Eat, Pray and…Just Eat Some More

Culture comes in many forms: it can be a book, a painting, a song, or in our case, a dish. Italian cuisine and the country’s identity go hand it hand!

Since the beginning of time, Italy has always been evenly populated, from its northern lands through its southern ones. Which means that every region and town has created its own culinary traditions, specially thanks to a large biodiversity. We can even use the term Italian cuisines – in plural, to underline the different specialities depending on where you are.

So let’s divide the territory into 3 main areas:

1. The northern regions:

The cold climate makes it harder for local farmers to grow fresh vegetables, which makes the local produce there rare and more expensive. Moreover, the long political influence of France and Austria changed the face of the local cuisine. That’s why you can find a lot of preserved foods, cooked veggies, and the use of butter instead of olive oil.

The Langhe area

This lush, hilly region south of Turin offers some of the most exquisite Italian red wines, such as the Barolo, the Barbera and the Barbaresco. They go exceptionally well with different cheeses, breads and breadsticks typical of the area. If you go with this option, you’ll have a simple but out of this world delicious aperitivo.  

The via Emilia area

The Parma and Modena regions have been building a solid reputation in the culinary industry, boasting some of the finest restaurants, not only in Italy, but internationally. The region offers lovely historic venues plunged in rustic settings, perfect for gourmet weddings. The products not to miss are: the culatello, a refined version of the prosciutto crudo di Parma, or the precious 30 month-seasoned Parmigiano Reggiano. Regarding dishes, the area is world famous for its egg-based pasta such as lasagne, tagliatelle, ravioli, and tortellini. For your wedding reception, you could go for the classic ricotta and spinach filled ravioli served with a light butter and sage sauce, or you could decide to experiment with some creative pairing. The options are endless! 

2. The central regions:

The warm weather is agriculture’s generous lover! When the sun shines longer than anywhere else on “The Boot”, vegetables get plumper, juicer and more varied. Central Italy is also the home to crops that rarely grow in other regions, such as the farro grain, and saffron, that stunningly colored spice that found its way from the Middle East to Abruzzo. You’ll also notice that in these middle regions, the olive oil replaces the butter, and the meat is the best you can get in all of Italy.

Tuscany and Umbria

The traditional cuisine that characterizes Tuscany and Umbria doesn’t need much presentation. You’ll find fantastic wines, tasty cold cuts, outstanding meat and hundreds of mouth-watering dishes. Take for instance the simple “pici cacio e pepe”, a kind of a thick spaghetti served with a pecorino cheese and pepper sauce, accompanied by a silky olive oil. Does it get better than this?

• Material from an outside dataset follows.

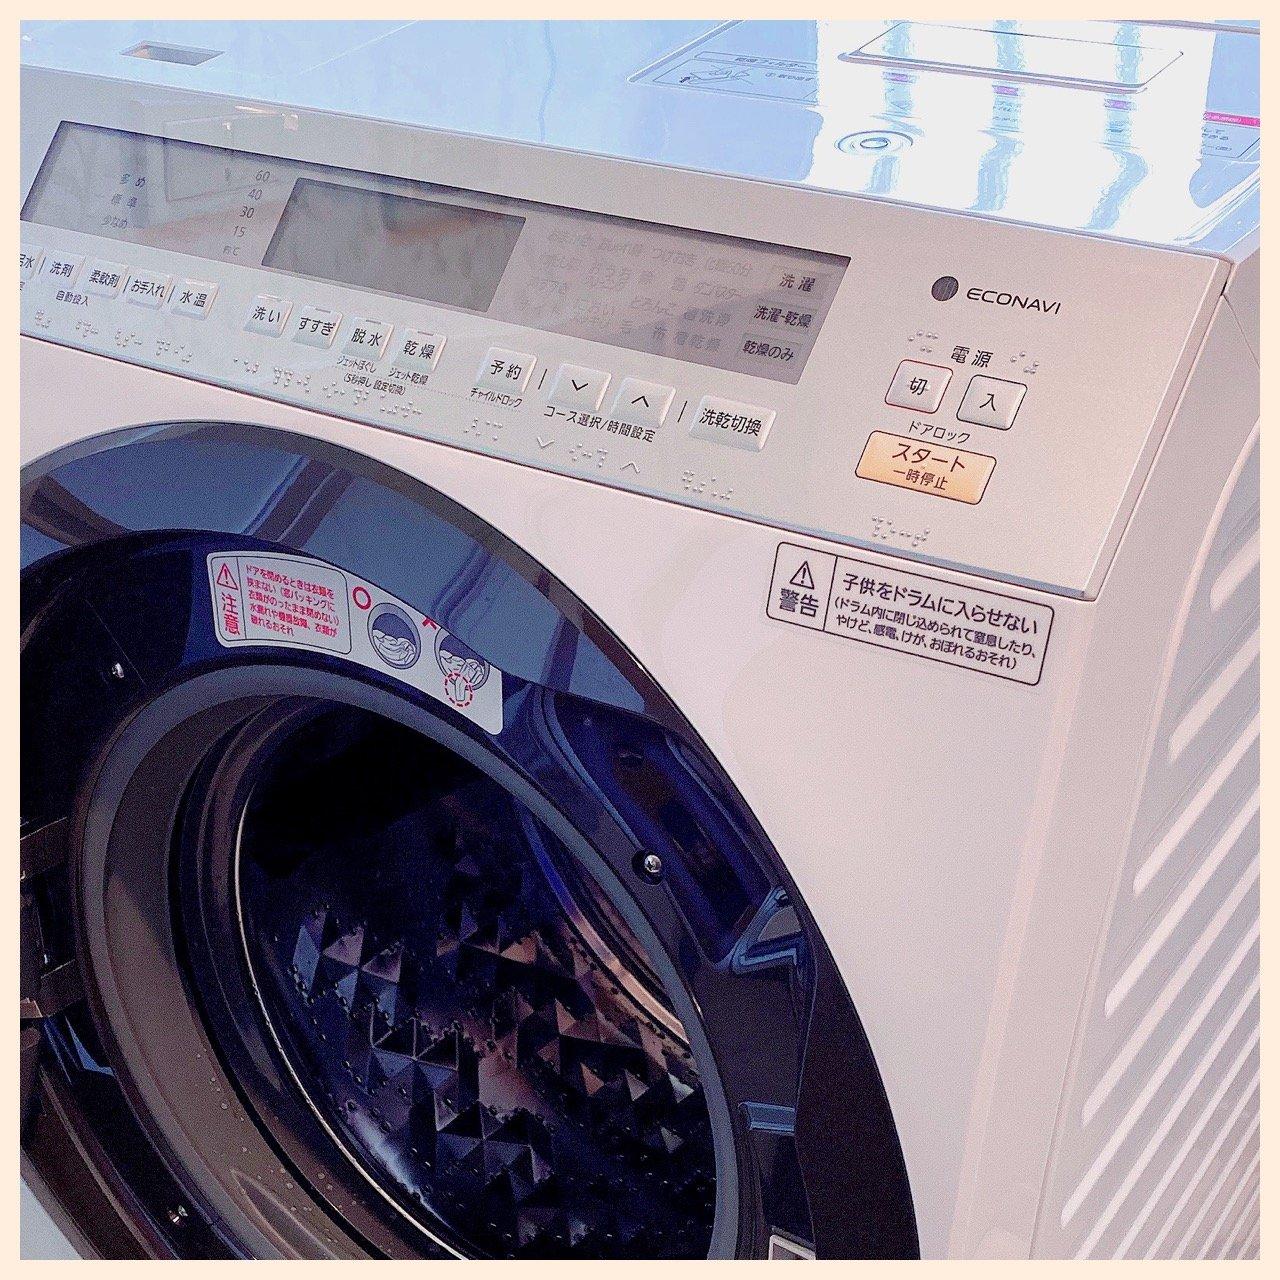 Panasonic ななめドラム洗濯乾燥機 NA-VX8900L-W / 古い洗濯機の回収や配送代や5年保証など込みで家電量販店にて21万円で購入(ポイント的なものは全部で1万円ぐらいついた)。現時点では、Amazonマケプレで218900円、価格com最安価格196666円。 https://t.co/0U5PbFD6L8

3. The southern regions with their dual identity: 

The range of high quality produce has been interpreted in two ways. One direction is the farmers’ simple and straight forward way that gave birth to the iconic Italian dishes, such as pizza or spaghetti with tomato sauce. The other is more complex and refined, thanks to the Borbone family cooks, who ruled over a large portion of the area for centuries.

The Amalfi Coast

Naples and its surroundings represent Italy’s diverse fabric. In a short walk you’ll meet the best and the worst, opulence and poverty, refined culture and sheer ignorance. What will remain unchanged though in the Amalfi Coast area, is the kitchen! It all derives from the high quality of Italy’s raw material and the pure passion for food that everyone has. When you bump into somebody in the street, you can be sure the topic would be either soccer or food! Integrating the local cuisine in your menu will be really simple, but in my opinion the best way will be hiring a dairyman who will prepare fresh mozzarella in front of your guests: an unforgettable experience! 


What strikes us in Apulian cuisine, is that it fits everyone. If you’re a sucker for meat, then you’ll love the lamb sticks. If you’re more on the vegetarian side, the range of delicious dishes based on fresh vegetables and herbs will leave you speechless. And for all the seafood lovers, the local mussels and fish are to die for!

When preparing your destination wedding in Italy, make use of this amazing culinary variety and have it reflected in your wedding menu depending on where you’ll say “I do”. Food is the perfect way to offer yourself and your guests an authentic, off the beaten path experience.